Between the sea and the aging birds.
Between a people who exist in the space between
confinement and devotion, and what awaits us at
the shores—the invasion on board. Everything is
coming alive—the vines in the graveyards, the roots
on the mountains. There’s a stack of salt twirling out
of mangroves. Snarls of mockery, surges of tendrils
emerging from the ground, wrapping my body, binding
me into vegetation. These spirals—it began when the
fishes lost their scales to the oils. When the rubber
patches on the boats met softness at the kiss of water
and there were not many hands to bail the leak back into
the rivers. It began when we waited at the riverbank for
return and from afar we saw the paths covered with
overgrown trees weeping into the creeks, hyacinths
stumbling in the way of home. It mattered not to the heavens,
when the sadness in our eyes layered over the sizzling sunset.

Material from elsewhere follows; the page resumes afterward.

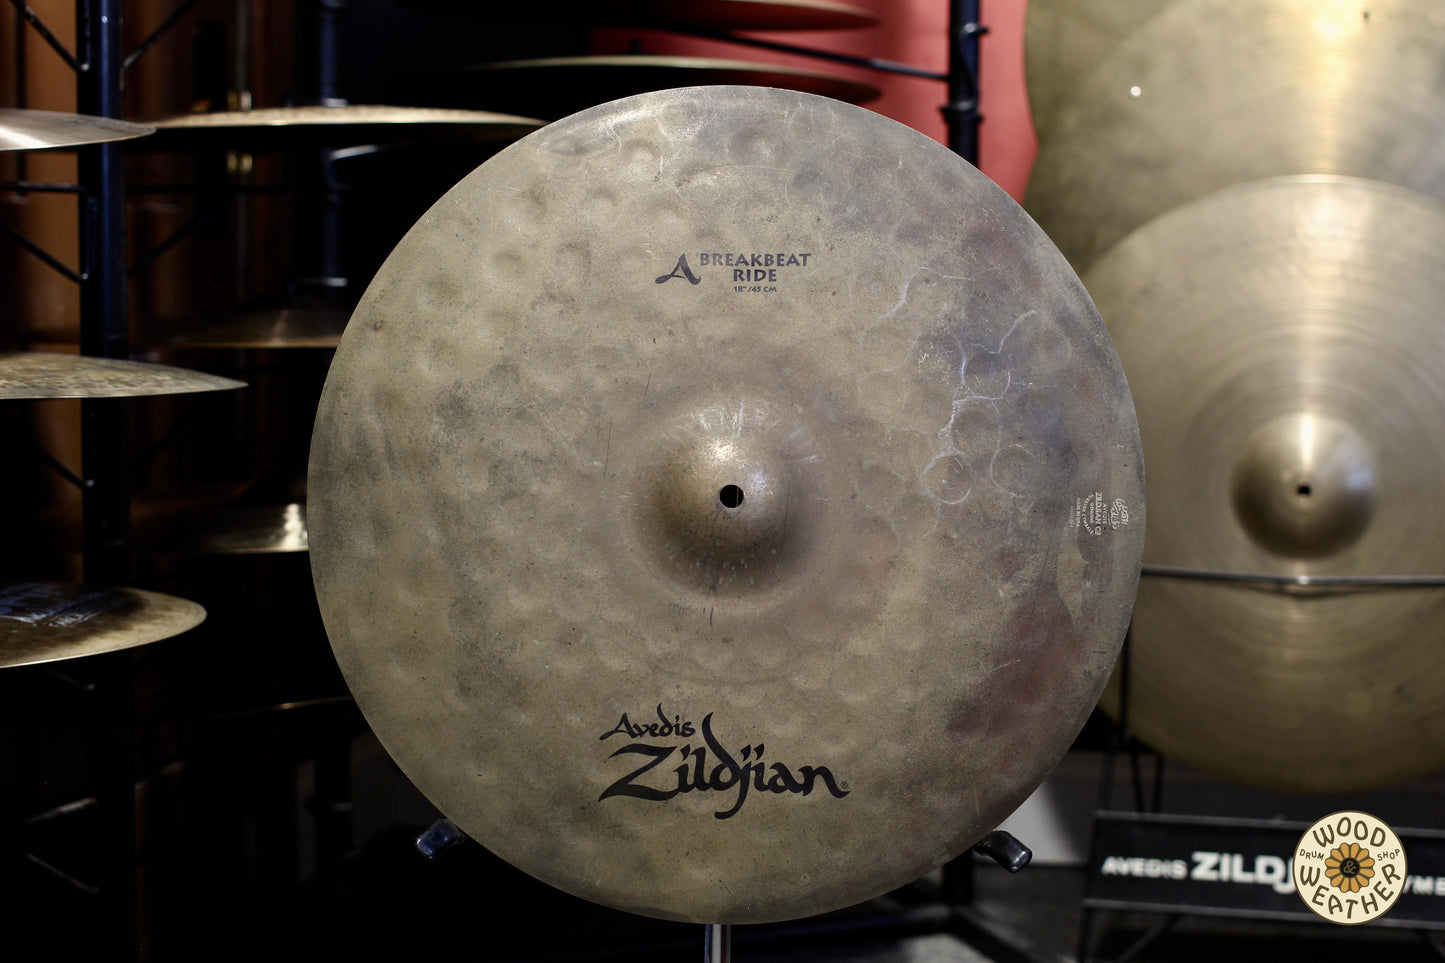 2006 Zildjian 18" Avedis Breakbeat Ride Cymbal 1555g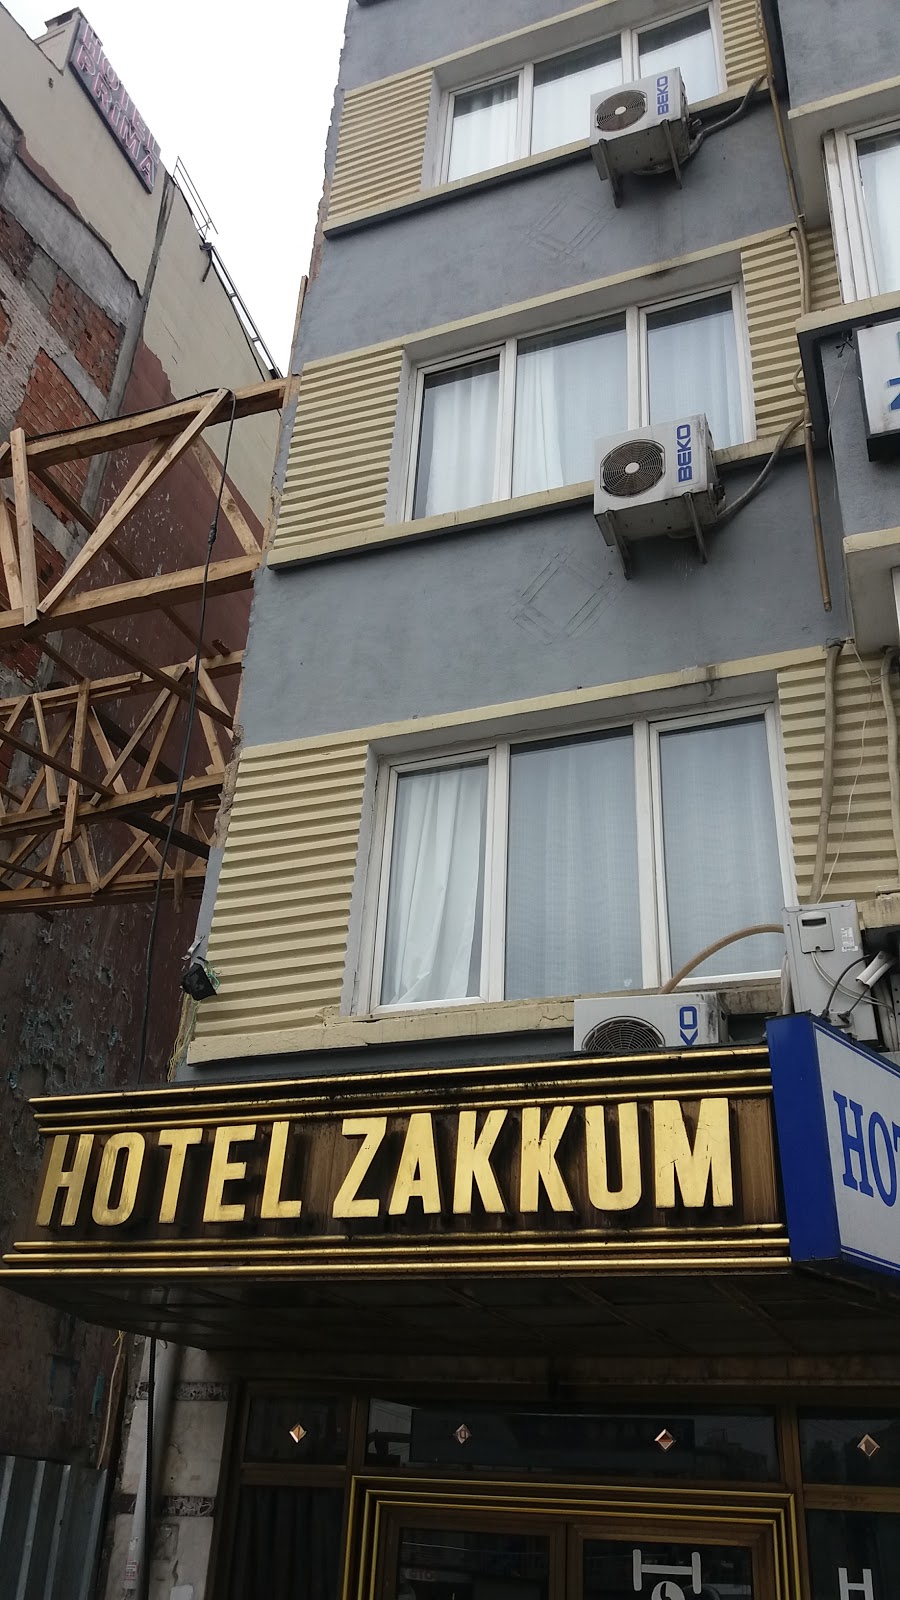 Hotel Zakkum

Or when the ports fractured into the coastlines and our legs,
in constraint, folded into the bowels of ships.
The lands have borrowed our becoming; and we have latched
onto their essence, leeching their sap and evoking droughts,
wildfire, altering their waves when the winds wheel into them.
We have nothing left to offer the sea, and we have been humming
our prayers into a land that reverences sacrifice. The earth is
a mangrove of solitude, and we are nothing but buzzes enacting
into the core of what needs abundance to unstrap the ruins we created.